Their NIH research endowment is roughly at the 50th percentile of all medical schools. Perhaps the numbers I'm looking at are averaged over the three schools? I guess we shall know better once its rowan's DO school.

research fell in my lap. I did it through connections i made in the AMA. It just was a natural outcome of talking to enough students and physicians before a very desirable project fell in my lab and I was offered the funding to do it in the summer between 2nd and 3rd year.

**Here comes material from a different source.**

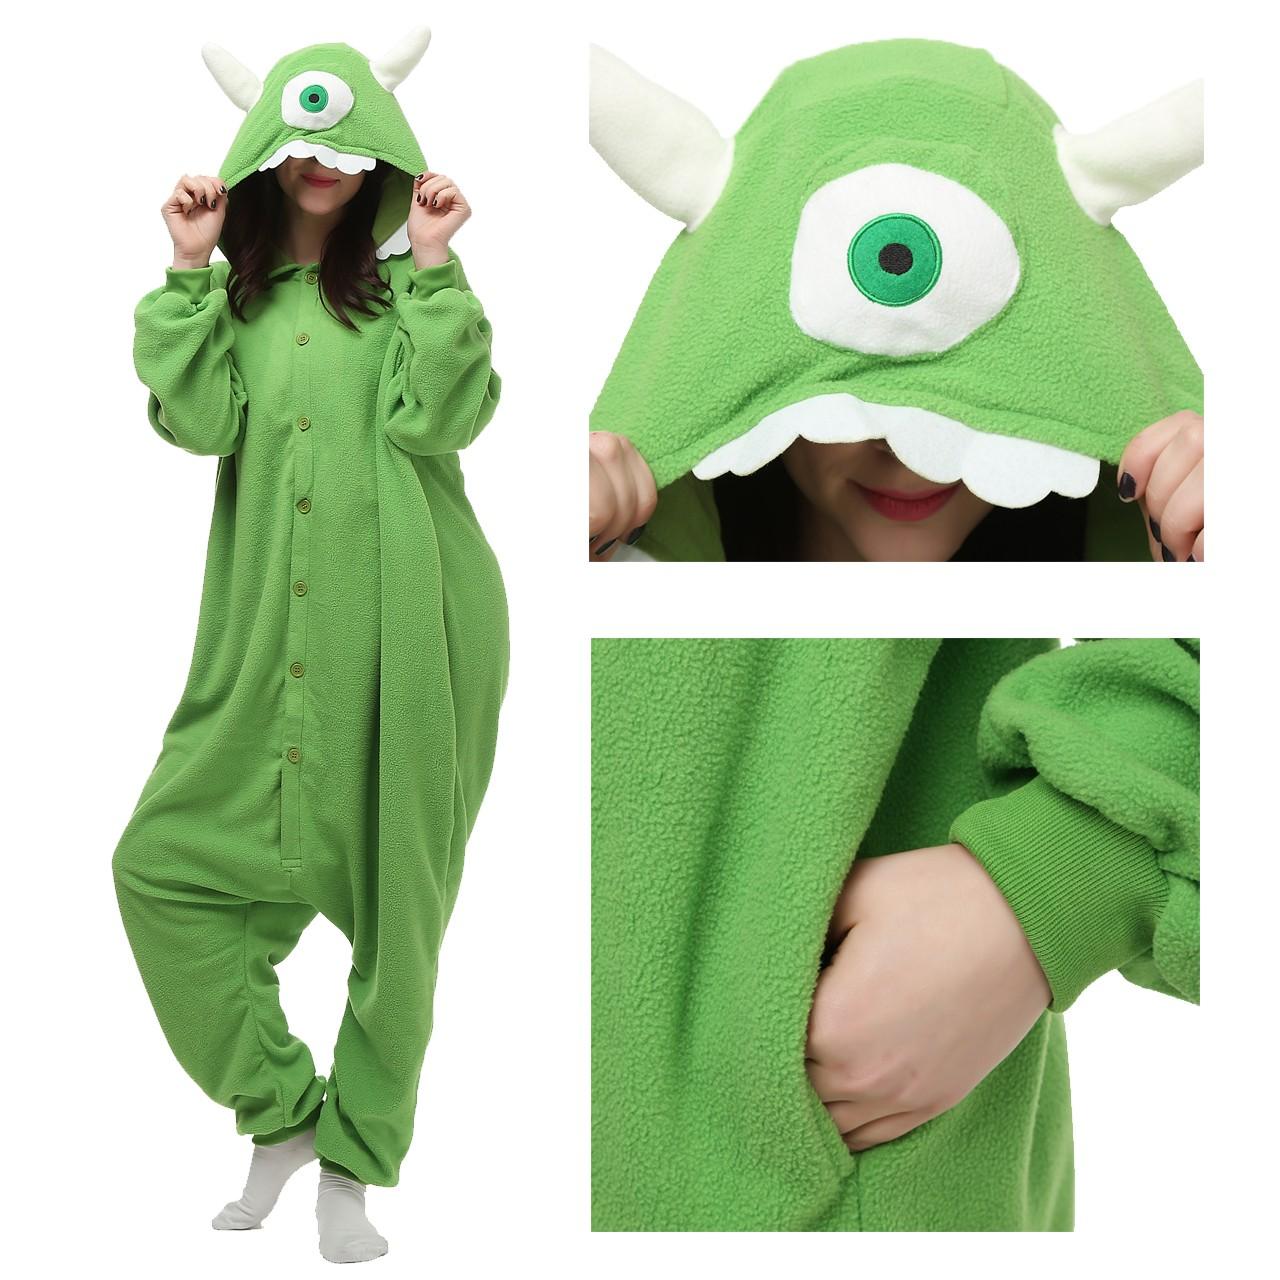 7b3349d6d2f1 One Eyed Monster Onesie Kigurumi Cartoon Pajama for adult Disney Monsters  Inc Costumes

You forget that you see decent number of students matching into those same fields from DO schools. Remember DO schools are 1/5 the student volume as MD schools. We don't make up 1/5 of the population in any of these fields, we generally make up 2-10%, usually around 5%, in these highly competitive ACGME programs (possibly with AOA added in we may hit 20% of the total population but i know we definitely dont in urology. Its entirely possible in ortho where we have a ton of spots). But pick a school (preferably not RVU or pikesville, I believe they generally dont match well) and look at their matches. You'll get your handful of ortho, derm (often listed as IM/FM since these programs are integrated in the DO world), and urology at each school. Maybe only 1 urology, but thats because urology spots < DO schools.

Are their students from, say, meharry going to a school no DO has gone to. yea. Probably two or so of those per class. Yea. But usually they are going to the same exact places we are in the ACGME world from top to bottom of their match. Don't forget there are programs that won't look at you because youre a DO. They're not common. But since these low end MD schools are MD schools they will technically be looked at and do have that highly unlikely chance that they blow it away at the interview. Its not something that happens so much that I figured it was worth a distinct mention that would detract from the 98% overlap that does exist between DO and low end MD that upholds my simplified way of understanding a realistic "do vs md" matching outcome.
 
I have read posts in the residency forum section that to have a solid shot at any of the competitive specialties (Uro,ent, RadOnc, Derm, and the integrated plastic, vascular, and CT) one MUST have some research experience. You have mentioned that despite the reduced accessiblity in DO schools, research is still an option.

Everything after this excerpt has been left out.